Material for this task:

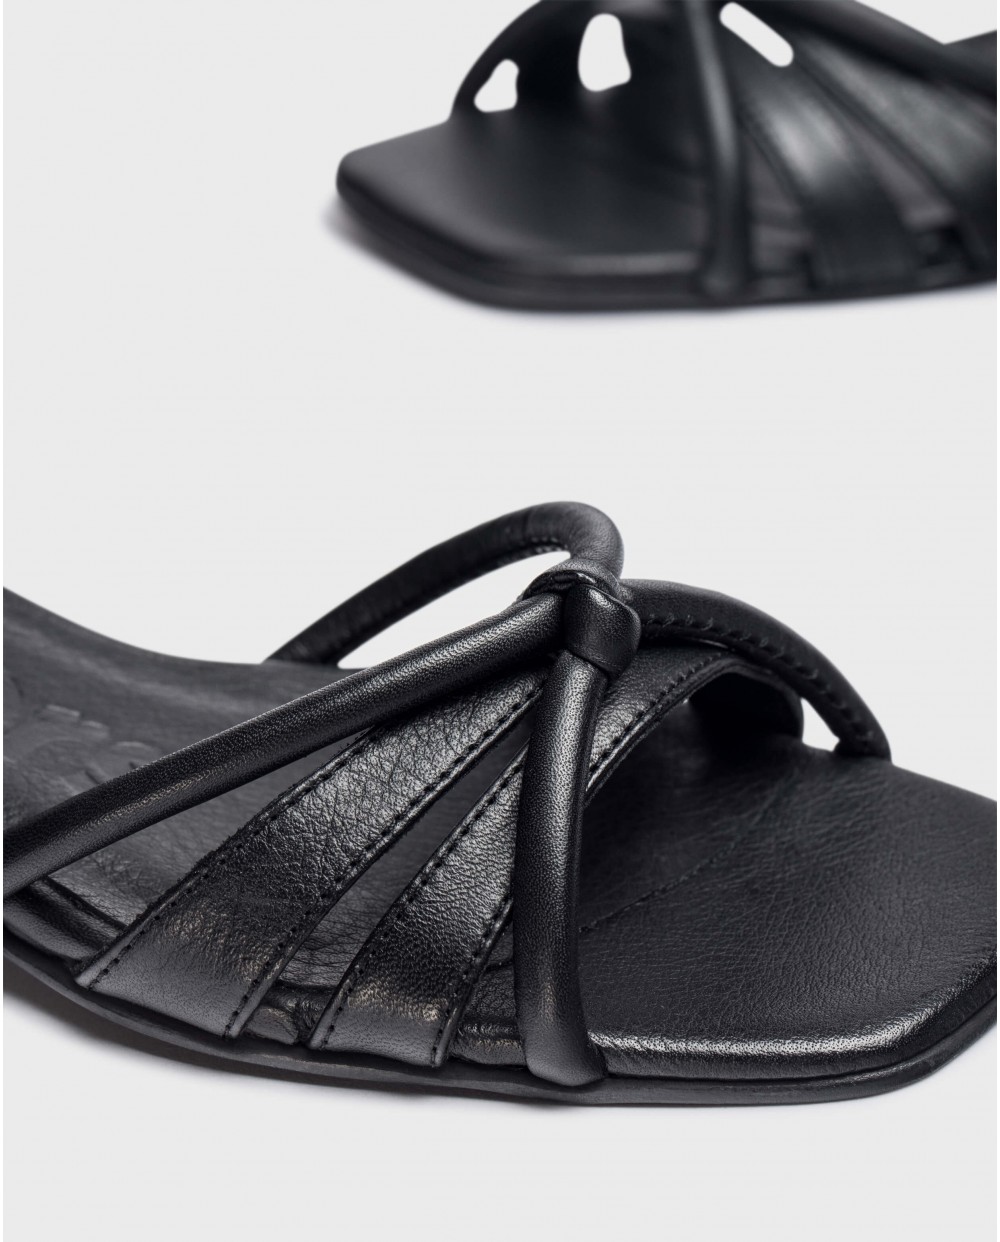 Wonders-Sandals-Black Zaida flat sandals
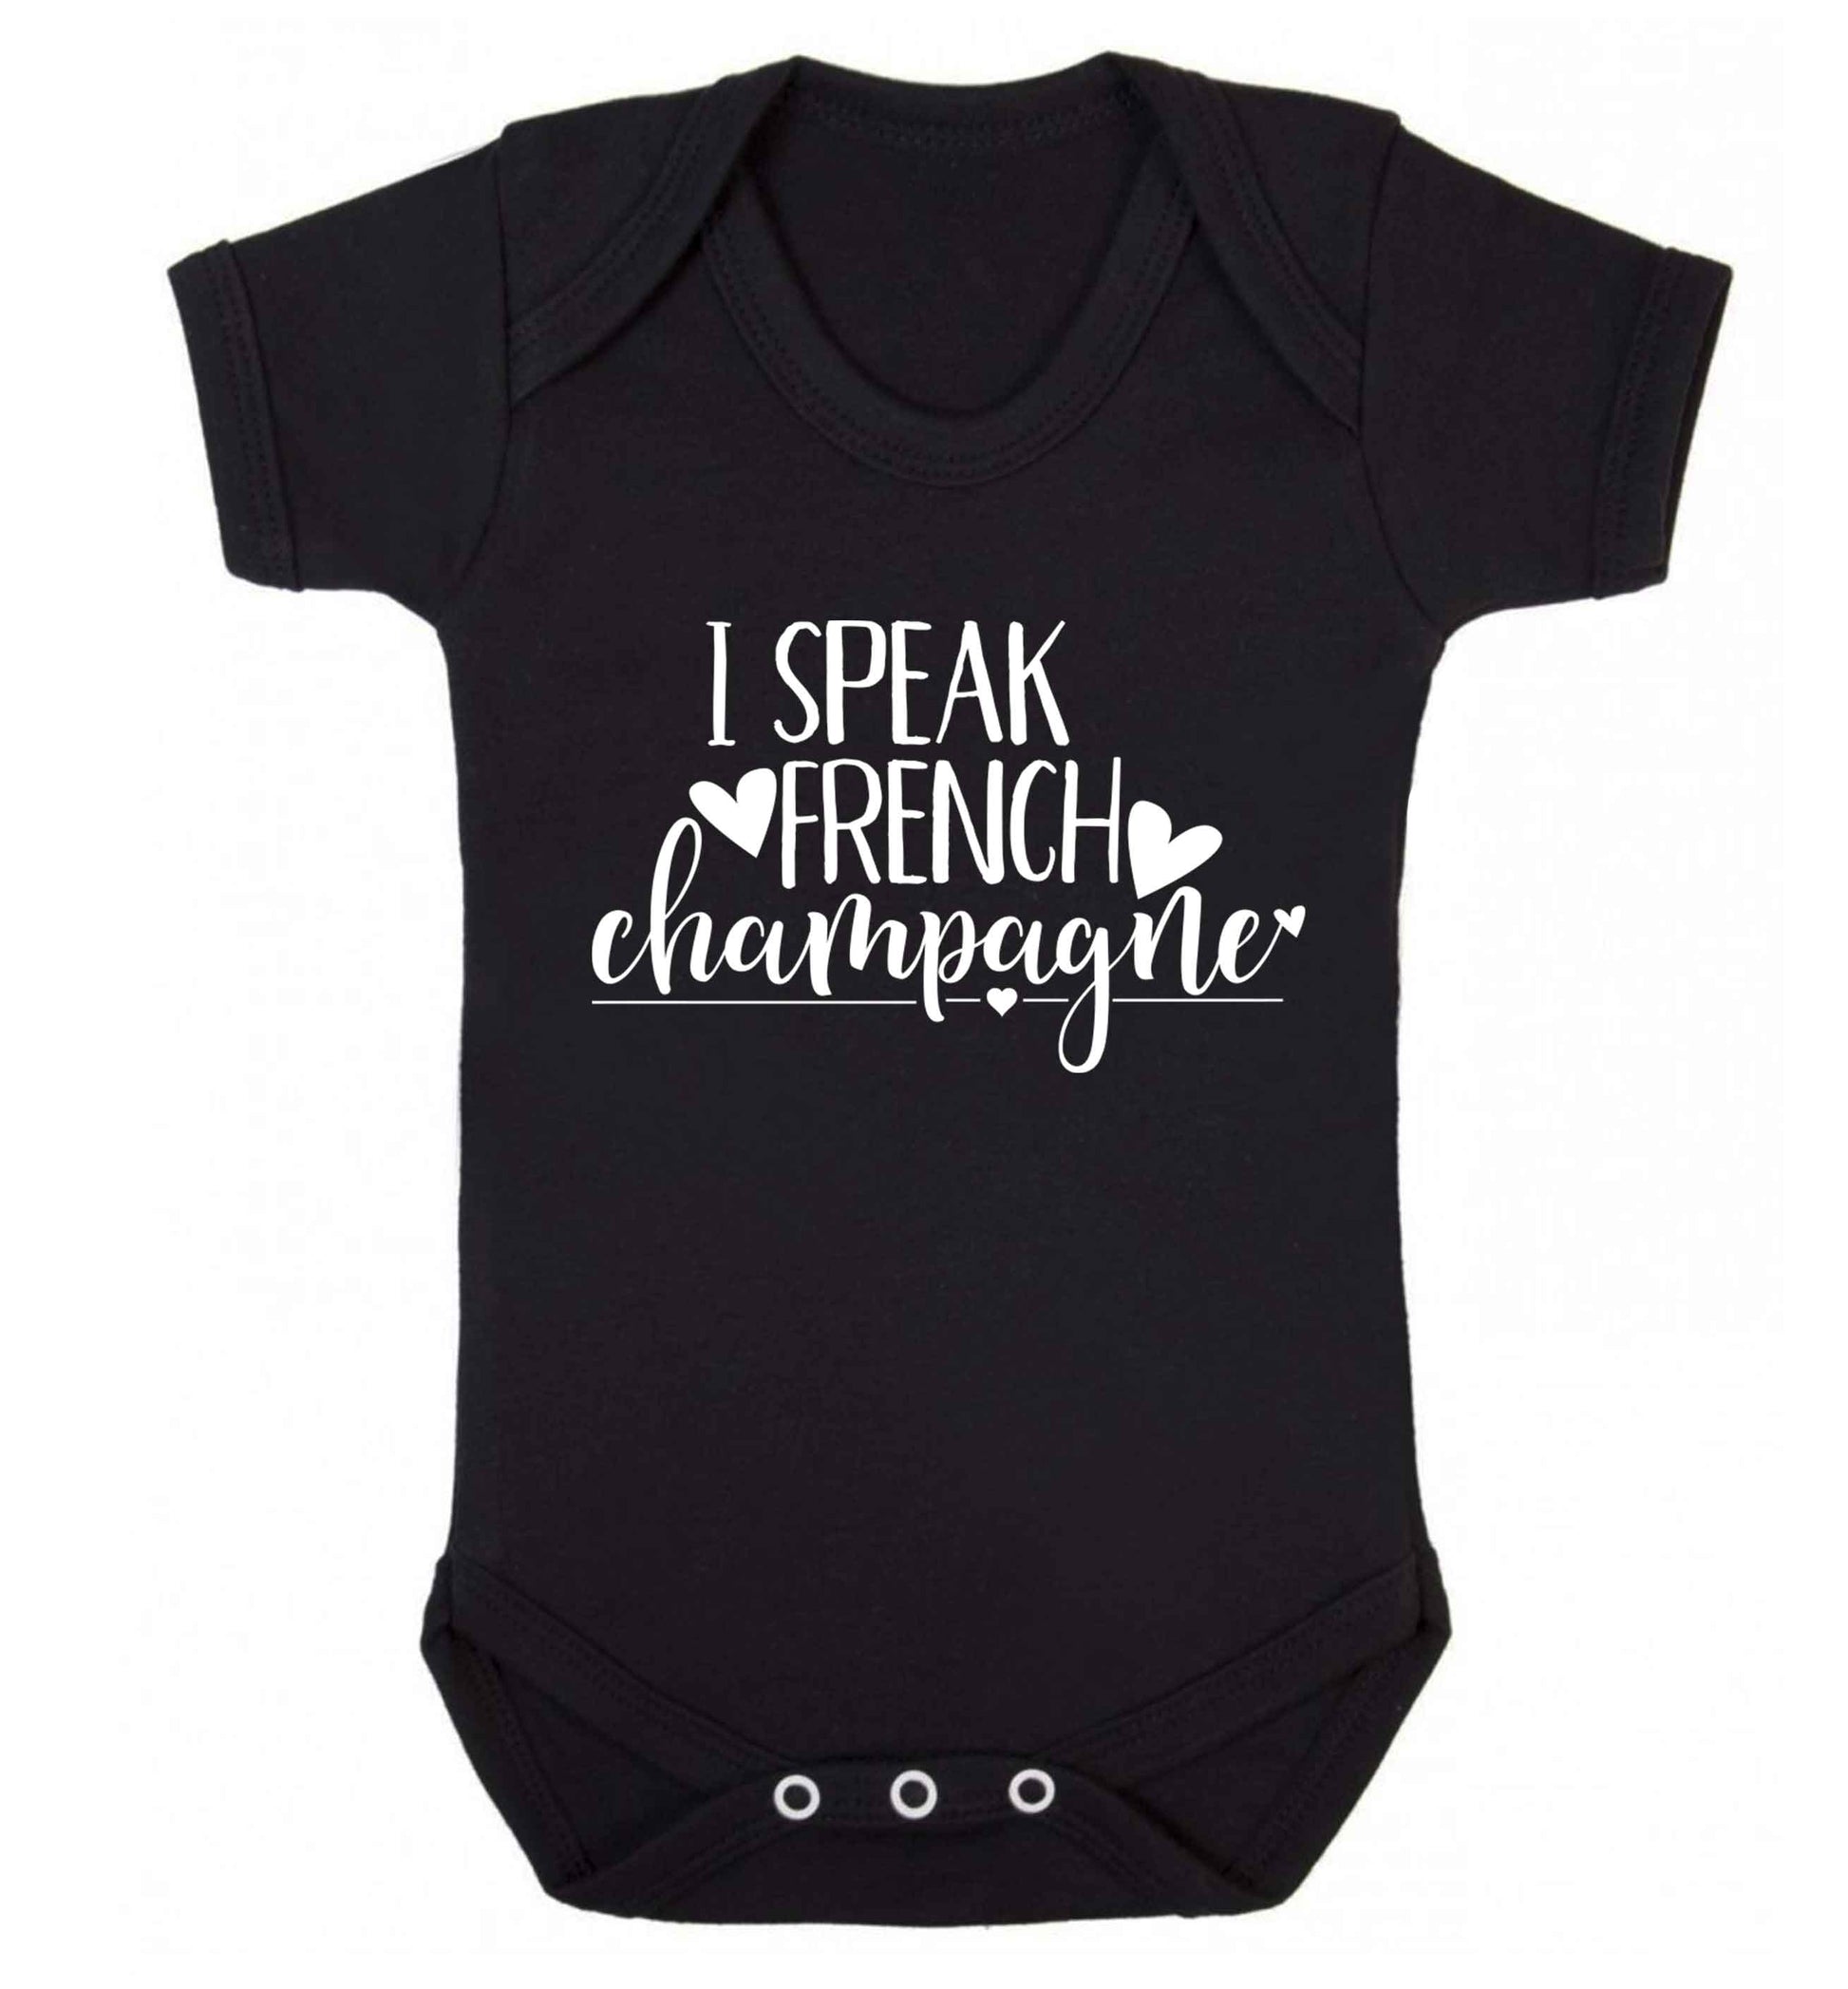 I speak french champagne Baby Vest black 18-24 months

==

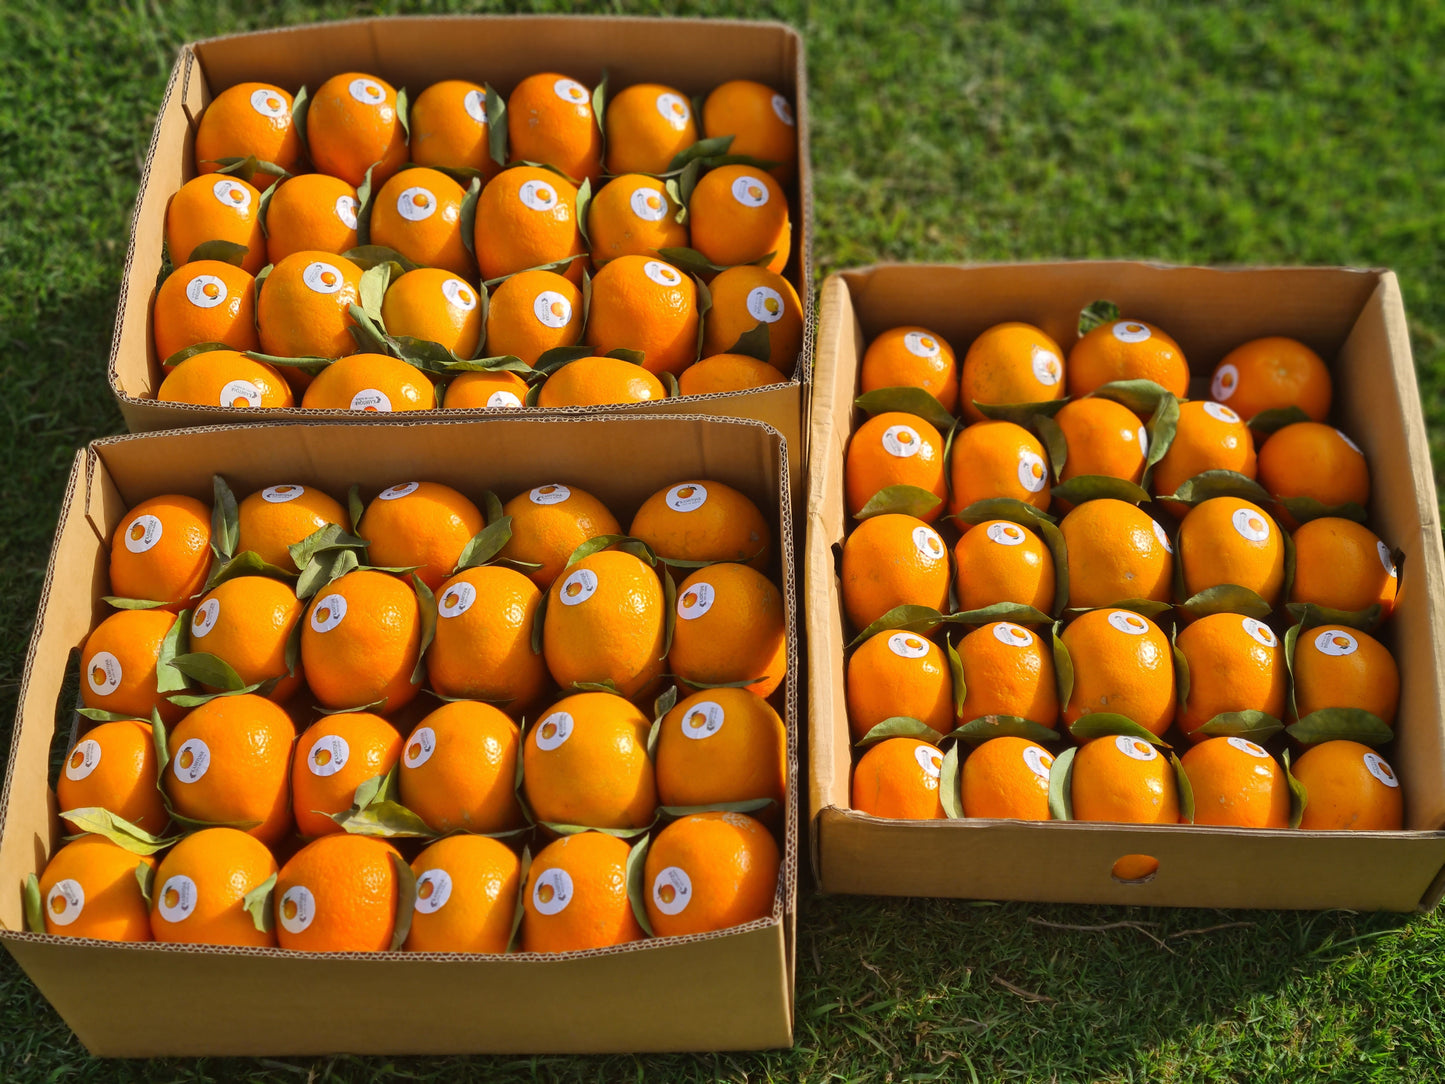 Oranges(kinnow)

Task prompt: The answer must be the part of the records that opens with the line containing "Wonders-Sandals-Black Zaida flat sandals" and closes with the line containing "I speak french", reproduced exactly, with no pictures.

Answer section:
 Wonders-Sandals-Black Zaida flat sandals
 I speak french champagne Baby Vest black 18-24 months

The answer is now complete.